Кляп из недопережеванной свинины перекрыл ход свежим аргументам. Дерибасов судорожно сглотнул твердую массу, на секунду застыл с вытянутой шеей, кадык его задвигался, как поршень, но все обошлось.

— Штука, — выдавил Дерибасов.

Магическое слово «штука» заставило девиц уважительно уставиться на Дерибасова.

— Слышь, Свет, штука, — робко начала Лялек. — Скажем, что потерялся.
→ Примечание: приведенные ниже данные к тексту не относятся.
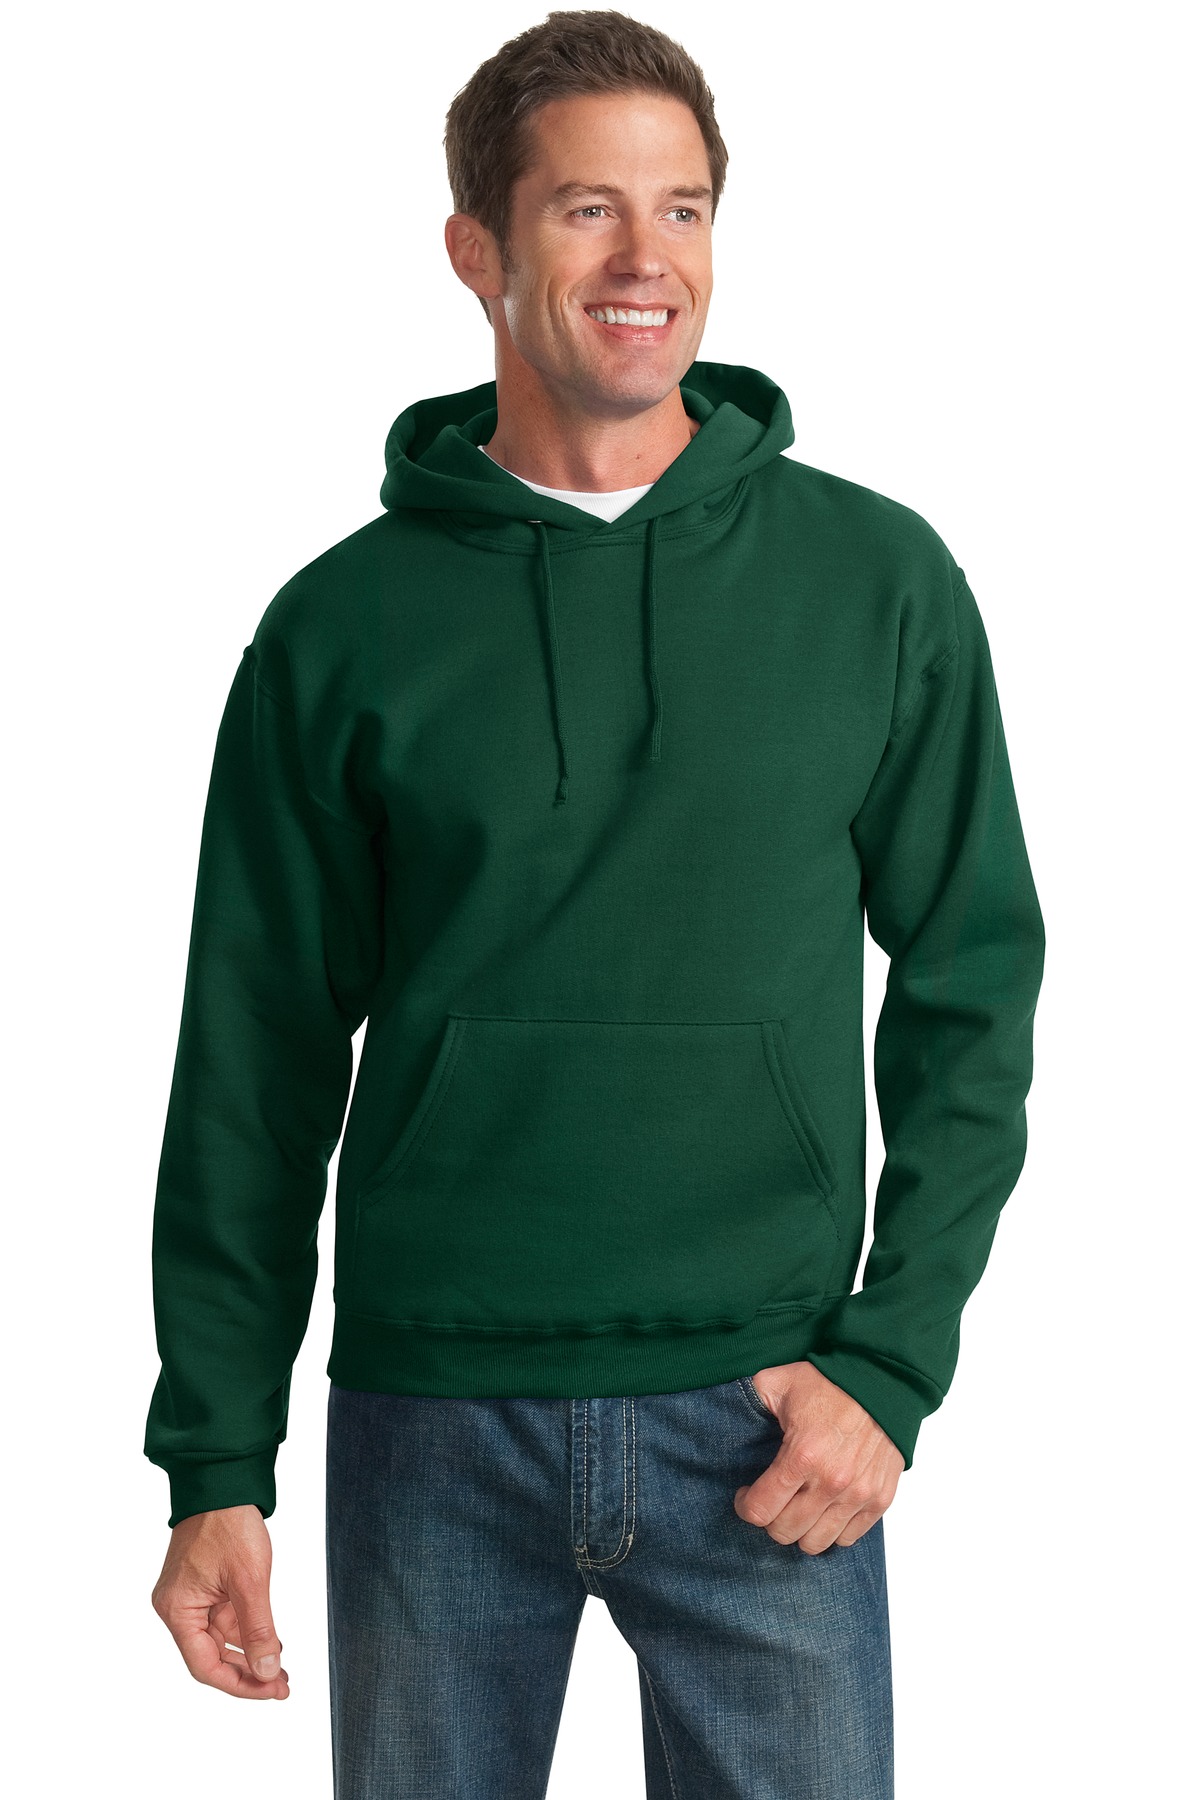 Jerzees® - NuBlend® Pullover Hooded Sweatshirt.-Jerzees

— Нет, — с сомнением покачала головой Светик.

Дерибасов молча отсчитывал деньги.

— Тогда сама с ним по утрам гулять будешь, — с нажимом сказала Лялек, глядя, как Дерибасов уже рублями отсчитывает десятую сотню.

Так Тяпа стал Цезарем.

Глава 4 Простой сельский парень

К автовокзалу Дерибасов успел как раз вовремя. Он шлепнулся на скамейку, вытянул ноги и перевел дух. Цезарь вывалил язык.

Успокоительная прохлада неслышно присела рядом с Мишелем и склонила свою легкую головку на потное дерибасовское плечо. Дерибасов молча дарил проходившим девушкам умиротворенную релаксирующую улыбку.

— …ание! — напряг репродуктор ржавые голосовые связки. — Объявляется посадка на автобус до Легостаева. Отправление в двадцать часов сорок минут.

Дерибасов дернулся и взглянул на часы. Было восемь тридцать. Верное шестое чувство икнуло, и Дерибасов ощутил неприятный холодок в области левой лопатки. Холодок провел пальчиком по дерибасовской спине, потом тихо, сдавленно прогундосил: «Не приде-о-от!» Дерибасов вскочил и заметался под часами. На стрелки он старался не смотреть. «Без двенадцати девять!!!»- заорал холодок и застучал кулаком в левую лопатку. Автобус с табличкой «Легостаево» за лобовым стеклом обогнул Дерибасова и фыркнул ему в лицо. Выхлопная труба покачивалась, как назидающий перст.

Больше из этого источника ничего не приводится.